The humoral and cellular response to mRNA SARS-CoV-2 vaccine is influenced by HLA polymorphisms.

Host genetic variability contributes to susceptibility to SARS-CoV-2 infection and COVID-19 evolution and the role of HLA system has not clearly emerged, suggesting the involvement of other factors. Studying response to vaccination with Spyke protein mRNA represents an ideal model to highlight whether the humoral or cellular responses are influenced by HLA. Four hundred and sixteen workers, vaccinated with Comirnaty beginning 2021, were selected within the Azienda Ospedaliera Universitaria "Città della Salute e della Scienza di Torino." The humoral response was determined with the LIAISON® kit, while the analysis of the cellular response was performed with the Quantiferon SARS-CoV-2 assay, for the S1 (receptor-binding domain; Ag1) and S1 and S2 (Ag2) subunits of the Spyke protein. Six HLA loci were typed by next-generation sequencing. Associations between HLA and vaccine response were performed with univariate and multivariate analyses. An association was found between A*03:01, B*40:02 and DPB1*06:01 and high antibody concentration and between A*24:02, B*08:01 and C*07:01 and low humoral responses.
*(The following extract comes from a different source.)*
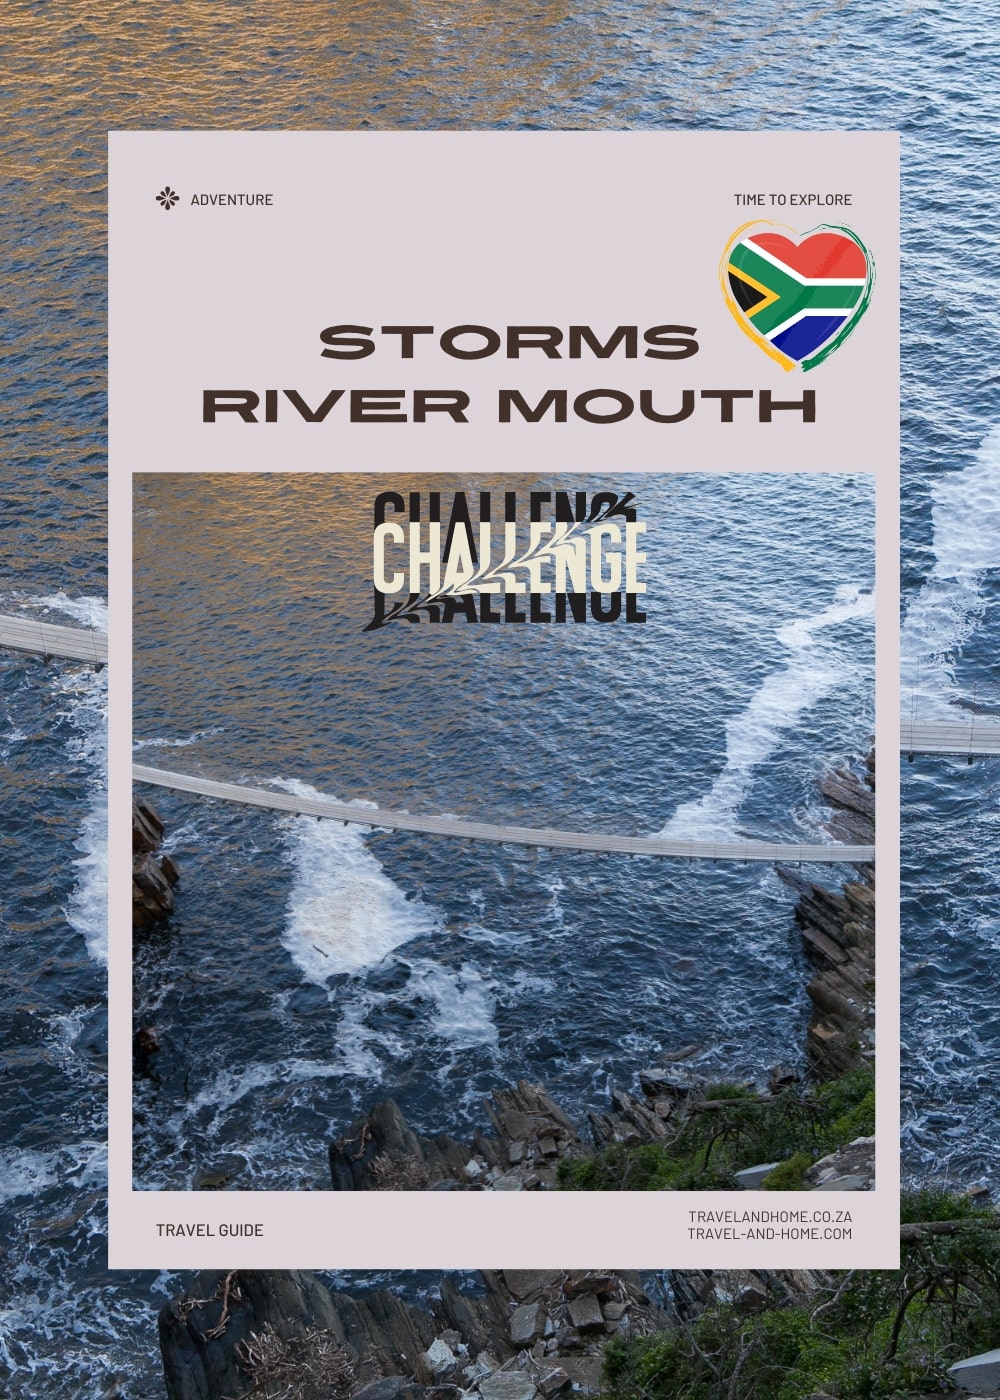 Storms river mouth, where is the highest bungy jumping in south africa, broukrans bridge bungy jump meters, feet min

The haplotype HLA-A*01:01 ~ B1*08:01 ~ C*07:01 ~ DRB1*03:01 ~ DQB1*02:01 conferred an increased risk of low humoral response. Considering cellular responses, 50% of the vaccinated subjects responded against Ag1 and 59% against Ag2. Carriers of DRB1*15:01 displayed a higher cellular response both to Ag1 and Ag2 compared to the rest of the cohort. Similarly, DRB1*13:02 predisposed to a robust cellular response to Ag1 and Ag2, while DRB1*11:04 showed an opposite trend. Cellular and humoral responses to Comirnaty are influenced by HLA. Humoral response is mainly associated to class I alleles, with A*03:01, previously associated to protection against severe COVID-19, and response to vaccination, standing out. Cellular response predominantly involves class II alleles, with DRB1*15:01 and DPB1*13:01 prevailing. Affinity analysis for Spyke peptides is generally in line with the association results.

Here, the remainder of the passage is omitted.